Apportionment of Capital Gains
UK tax anti-avoidance arrangements require the gains of a non-resident 'close' organization to be allotted among the member shareholders. Capital gains tax is charged on the individuals who are resident and domiciled in the UK.
Before April 6th 2008 these allocation rules did not make a difference to non-UK domiciliaries. Notwithstanding, the progressions to the settlement premise from April 2008 implies that if an investor is UK occupant yet non-UK domiciled, they will be liable to the settlement premise on any gains acknowledged by the offshore organization.
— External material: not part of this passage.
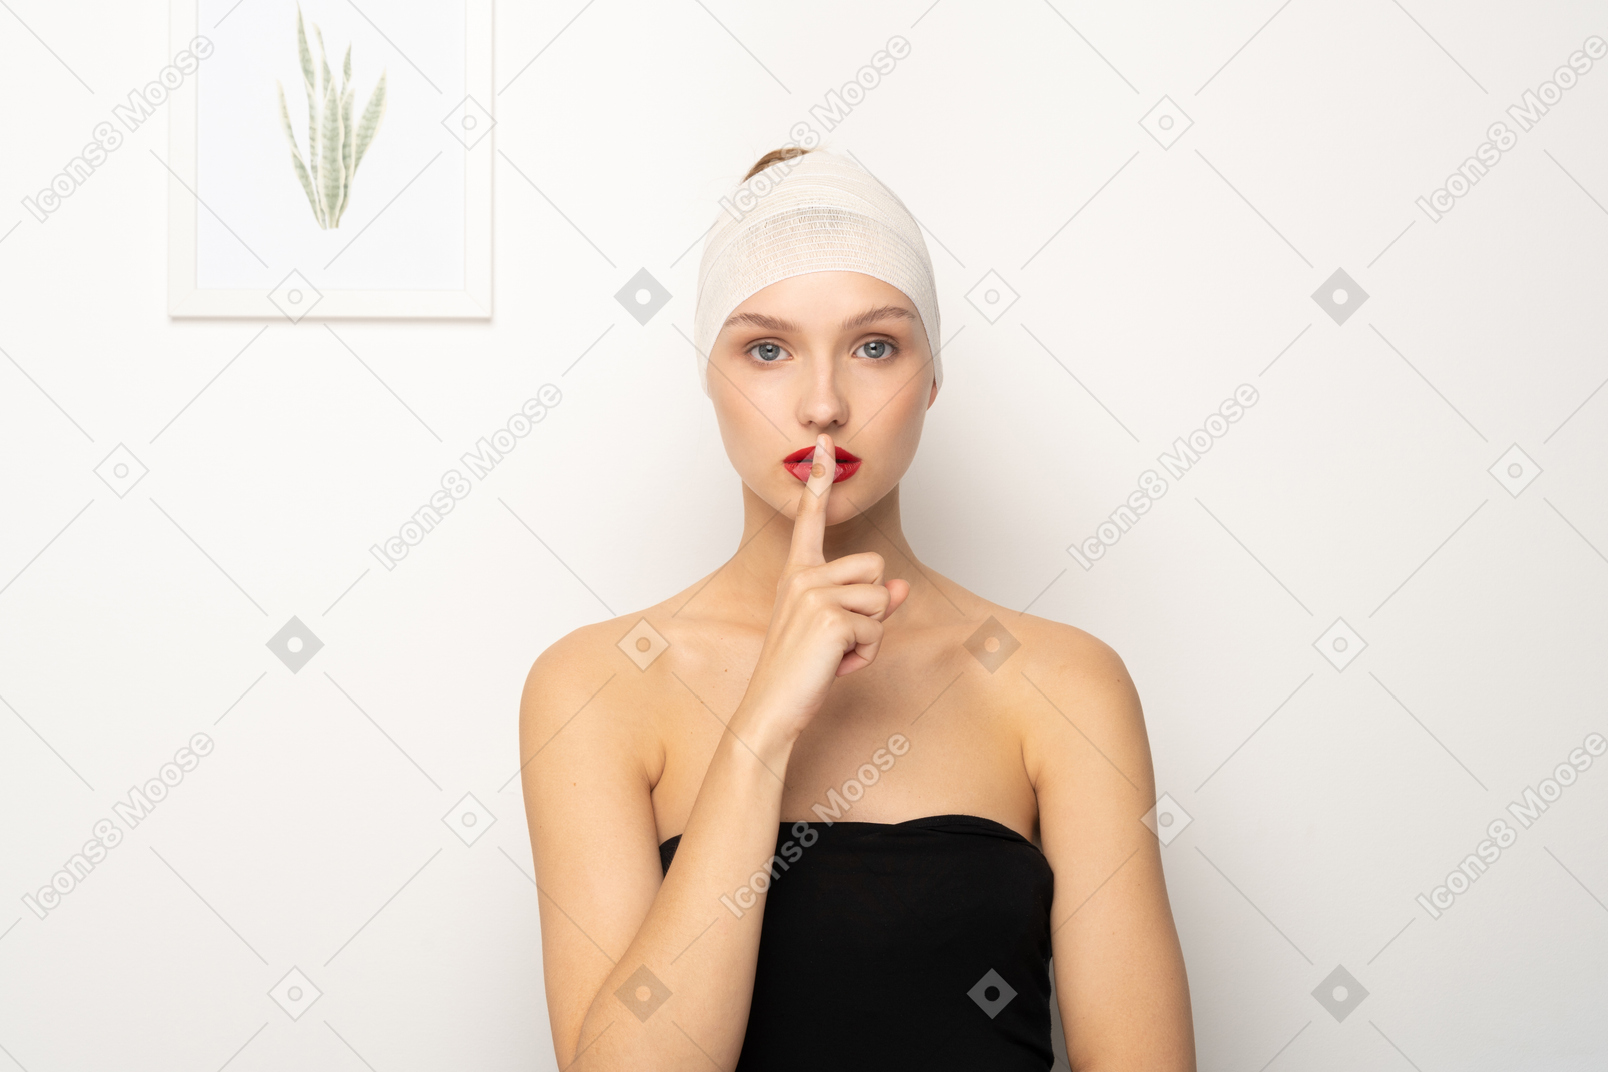 Young woman making shush gesture

Accordingly, they can abstain from having gains attributed to them under this area by holding the proceeds overseas.
The meaning of a nearby organization can be intricate, anyway in straightforward terms it applies to a company that is constrained by its directors or five or fewer investors.
Using a Non-Resident Trust AND Company
For the reasons expressed above, offshore companies that are legitimately claimed by UK residents are not actually that normal practically speaking. Rather, offshore organizations possessed by offshore trusts are utilized as often as possible. Such game plans are frequently prominent from a non-tax edge because of the down to earth focal points of owning the trust ventures through at least one completely claimed offshore company. This gives the trustees the advantage of limited liability.
The residence of the company is anything but a key issue in these conditions as the main people lawfully qualified for exercise control of the company are the non-inhabitant trustees.
In any case, following on from the Wood v Holden case, care would need to be taken to guarantee that the organization truly is controlled by either the trustees or directors. If they somehow managed to stand aside and let a settlor/beneficiary give every direction, it could be contended that the organization residence is equivalent to that of the settlor or beneficiary.
Given the beneficiaries were non-occupant, they would endure no UK tax collection charge on circulations from the trust, and the organization/trust would likewise endure no UK tax charge if the assets held were abroad resources. In the event that the beneficiaries are a UK occupant, the fundamental issue would be the UK anti-avoidance legislation. There are constrained methods for getting away from this, and on the off chance that one of the exclusions connected (for instance, the thought process test), this could be claimed on the tax return.
The thought process test is a significant part of one of the key anti-avoidance rules that traits the income of offshore trusts and organizations to UK occupant people. The anti-avoidance provisions won't have any significant bearing if the exchange abroad were not made to avoid tax or if there were genuine business reasons behind transferring assets for an abroad company or trust.
Accordingly for a person to exploit this standard, and guarantee that pay from an offshore organization or trust ought not to be credited to them, they would need to demonstrate that there was no tax shirking rationale in the exchange of any advantage abroad. Basically, the organizations were found abroad for sound business reasons. This can be a troublesome arrangement to fulfil.
So as to be non-inhabitant for money assessment and capital gains charge purposes under the current principles, the trustees would all be non-resident if the settlor was a UK resident.